Aprender a superar miedos

Poco a poco fui encaminando ese conocimiento que ya tenía a raíz de mi posgrado en nutrición. Aumenté el tamaño de las porciones, me permitía antojitos con más frecuencia, descubrí cuáles eran esos alimentos que realmente disfrutaba y cuáles no tanto, y aprendí a cocinar. También dejé de pesarme a diario: la báscula y yo solo nos encontramos cada dos meses.

Suena muy sencillo, pero no lo ha sido. Me tomó un año recuperar algo de peso, y aunque estoy todavía en un peso bajo según mi estatura —48 kilos actualmente—, tengo días buenos y malos. Algunos con mucho apetito y otros con poco; eso sin contar que todavía lucho contra el espejo.

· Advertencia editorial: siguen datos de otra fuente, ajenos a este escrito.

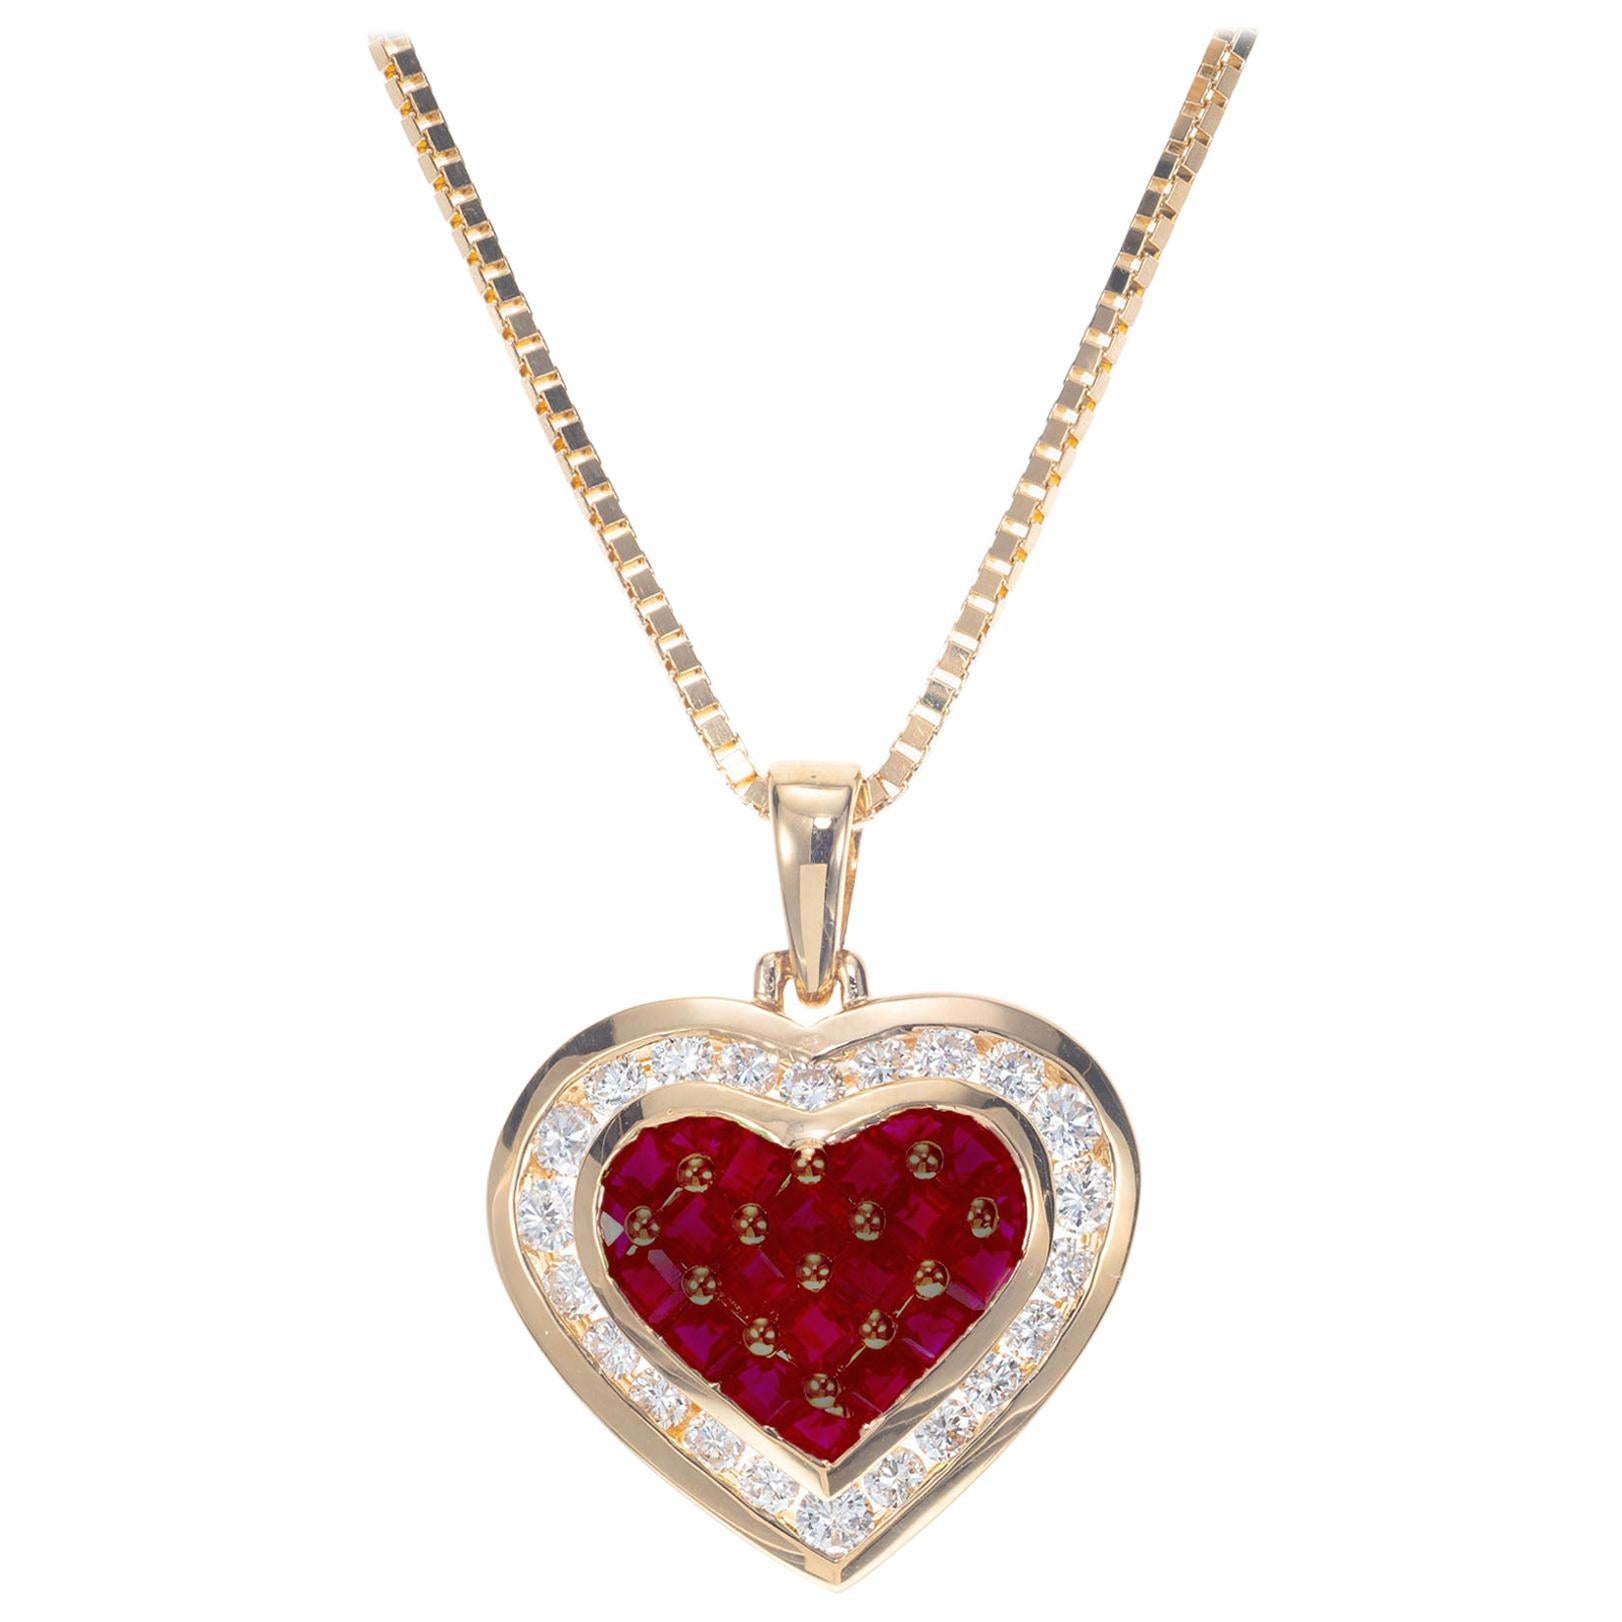 .55 Carat Ruby Diamond Yellow Gold Heart Shape Pendant Necklace
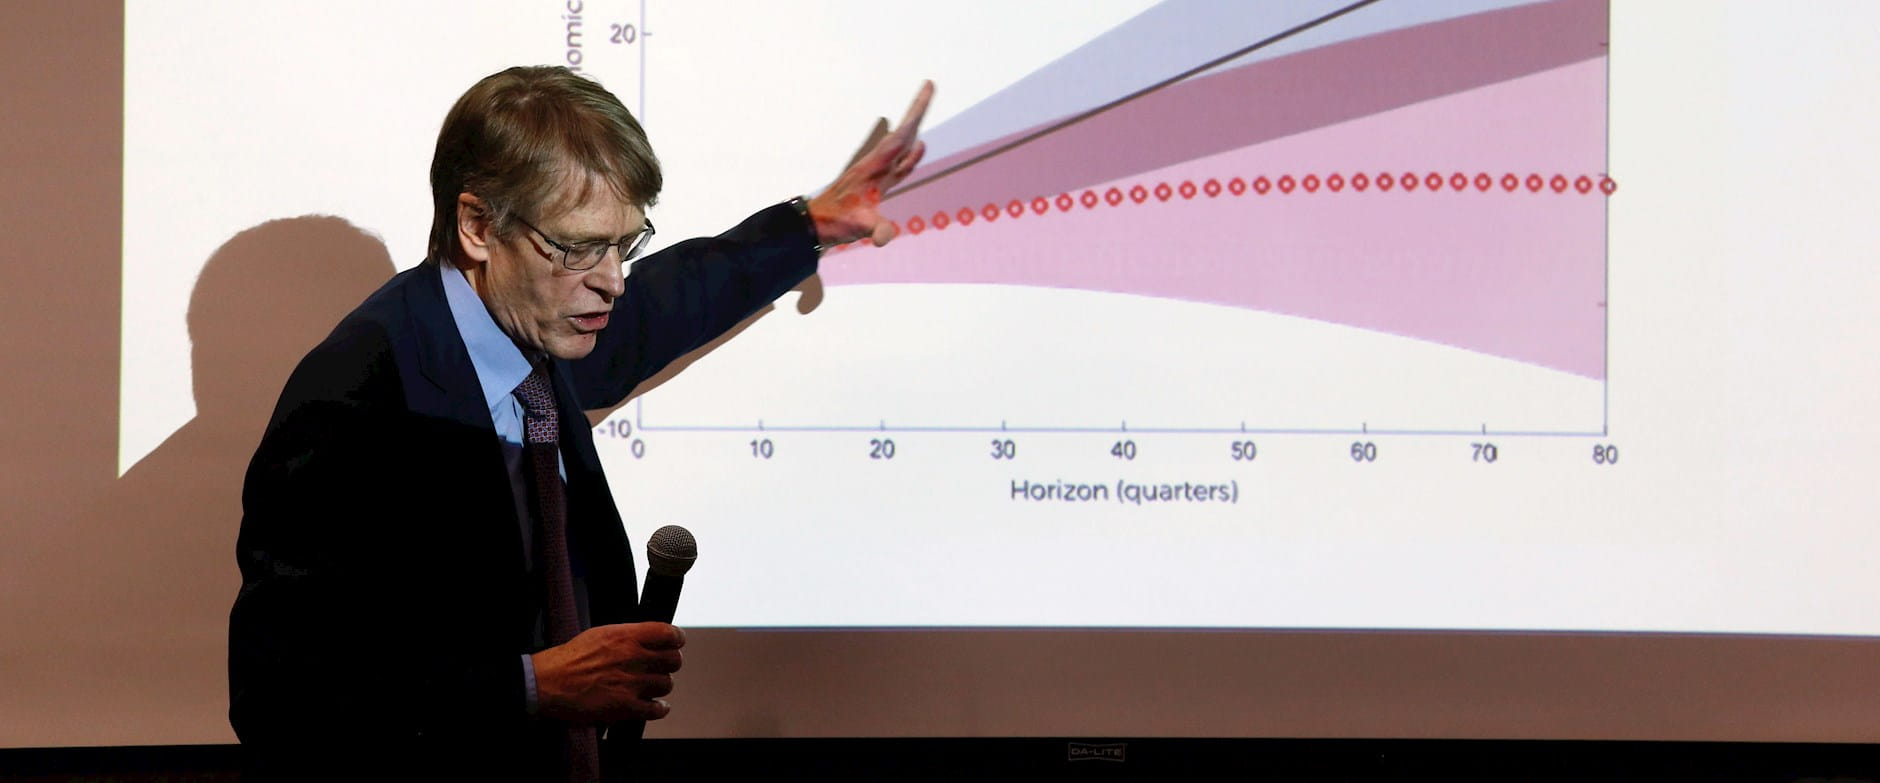 Lars Peter Hansen presents a graph on a projector screen

Mi blog ha sido mi catarsis. Allí he condensado mis triunfos, mis aprendizajes y también he superado mis miedos. Mi objetivo es concientizar a las personas sobre los trastornos alimenticios y, sobre todo, ayudarles a encontrar una alimentación más intuitiva, más consciente. Hay tanta desinformación en esta onda fitness y saludable, que los jóvenes, y principalmente las jóvenes, están cayendo en hábitos dañinos. Unos alimentos están siendo satanizados y otros han sido elevados a la categoría de súper poderosos; nos hemos olvidado de que comer es un acto que culturalmente también implica placer. Hemos pasado por alto también que, independientemente de lo que diga cualquier gurú de nutrición, la grasa corporal es necesaria y muchos cuerpos no están diseñados para tener el abdomen plano. Hay que enfocarse más en la salud que en los estereotipos.

Nos queda mucho camino por recorrer: tenemos que hacer las paces con la comida y reconciliarnos con la celulitis y las estrías. Hace falta que aprendamos a amar nuestro gordito.